On appeal, defendant continues to argue for merger, but he asserts a different argument in support of that position.  In his first and second assignments of error, defendant contends that "[m]urder is clearly a lesser-included offense to aggravated murder" because the aggravated murder statute incorporates the murder statute.  The state responds that defendant failed to preserve that argument, having argued below only that murder and aggravated murder are part of the same statutory provision.  In any event, the state contends, each murder count required proof of an element that each aggravated murder count did not, and vice versa.

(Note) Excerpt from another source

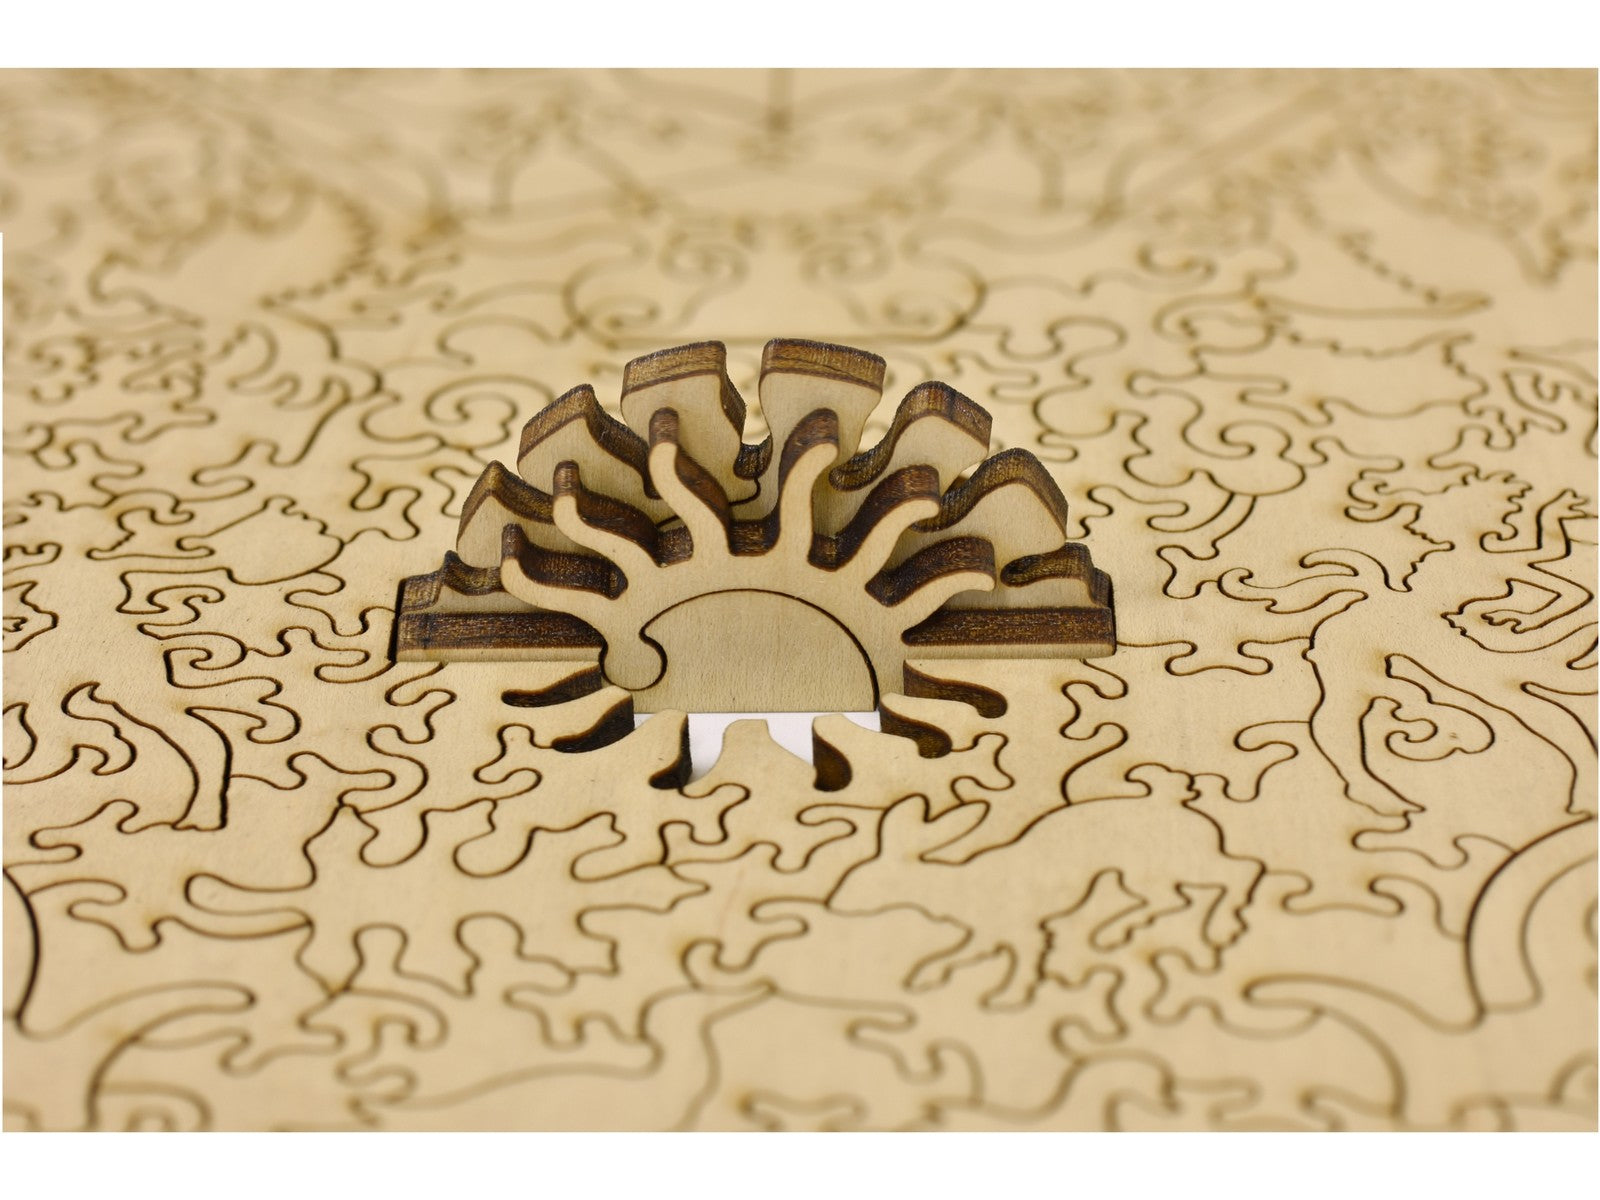 A closeup of pieces in the shape of a rising sun.

We conclude that defendant adequately raised the broad legal issue of whether merger was required under ORS 161.067(1).  Although he no longer contends that the conduct at issue "violates two or more statutory provisions," contending instead that "each provision requires proof of an element that the others do not," that change in emphasis amounts to an alternative legal argument in support of the same broader legal issue.  See Gadda v. Gadda, 341 Or 1, 7, 136 P3d 1099 (2006) (concluding that "the broad legal issue" was whether the appellant had served the respondent by legally sufficient means and that sufficiency of service by mail or by delivery were alternative arguments encompassed by that broader legal issue; noting that "the same two sources of law are at issue in both arguments"); see also State v. Smith, 184 Or App 118, 122, 55 P3d 553 (2002) (noting that "ordinary rules of preservation are somewhat more lax when the case turns on the applicability and construction of a statute").  Accordingly, the issue was preserved.

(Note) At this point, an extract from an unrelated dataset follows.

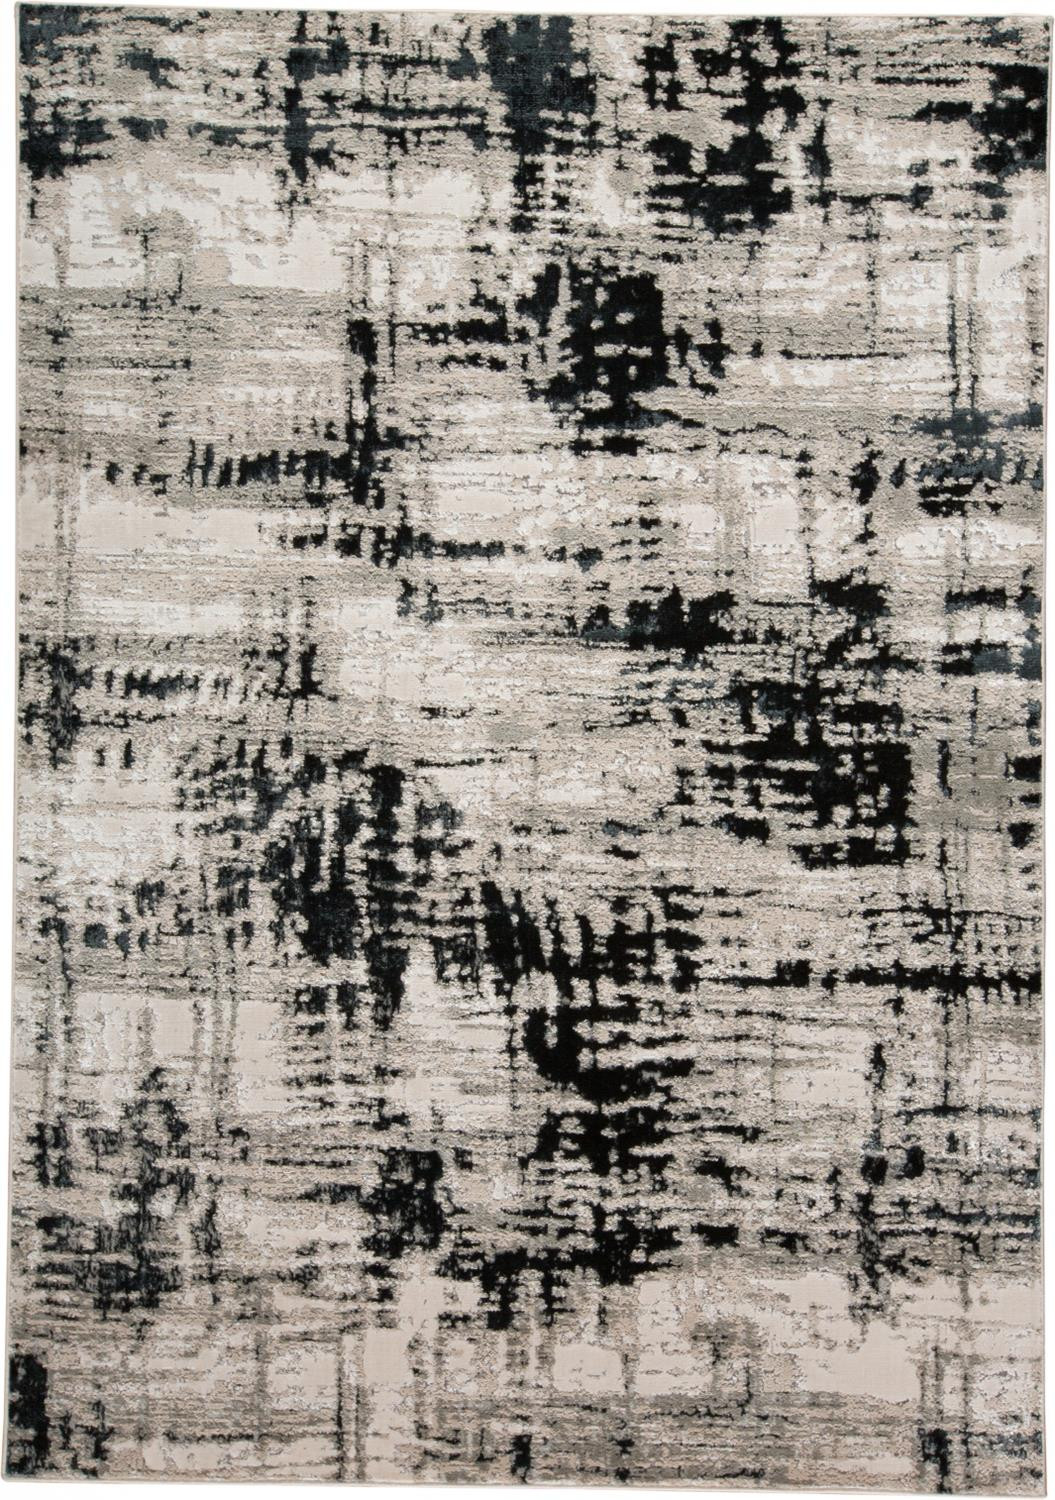 5' X 8' Black White And Gray Stain Resistant Area Rug-515293-1

We turn to the merits.  ORS 161.067(1) requires two separate inquiries:  (1) whether a defendant's conduct violated two or more statutory provisions, and (2) whether each such provision requires proof of an element that the others do not.  State v. Barrett, 331 Or 27, 32, 10 P3d 901 (2000).  For the second inquiry, we examine the statutory elements of each offense, not the factual circumstances contained in the indictment.  State v. Walraven, 214 Or App 645, 653-54, 167 P3d 1003 (2007), rev den, 344 Or 280 (2008).

The defendant in Walraven was convicted of both the murder and the aggravated murder of a single victim.  Concluding that the murder conviction merged into the aggravated murder conviction, we explained:

"With the inquiry properly so framed--i.e., that we look solely at the provisions of ORS 163.095 and ORS 163.115, rather than at the particular factual circumstances pleaded in this case, the resolution is straightforward.  ORS 163.115 does not require proof of any element that ORS 163.095 does not.  That is so because, under ORS 163.095, any type of murder defined in ORS 163.115 may serve as the basis for an aggravated murder conviction.  Bluntly:  'murder'--in any form--is an element of aggravated murder.

"* * * [D]efendant's single resulting murder conviction must then merge into his single resulting aggravated murder conviction under the second prong of the Barrett test, because a conviction for murder under ORS 163.115 does not require proof of any element that a conviction for aggravated murder under ORS 163.095 does not."

Walraven, 214 Or App at 654 (emphasis in original).  Likewise here, as to each victim, defendant's murder conviction merges into his aggravated murder conviction.

Defendant also contends, in his third assignment of error, that the trial court erred by failing to merge the burglary count with the murder counts.  The state concedes that the error is apparent and that we should exercise our discretion to review it.  We accept that concession and exercise our discretion for the reasons stated in State v. Valladares-Juarez, 219 Or App 561, 564-65, 184 P3d 1131 (2008).

Reversed and remanded for entry of corrected judgment reflecting merger of burglary conviction (Count 7) into murder conviction (Count 5), merger of murder conviction (Count 5) into aggravated murder conviction (Count 1), and merger of murder conviction (Count 6) into aggravated murder conviction (Count 2); otherwise affirmed.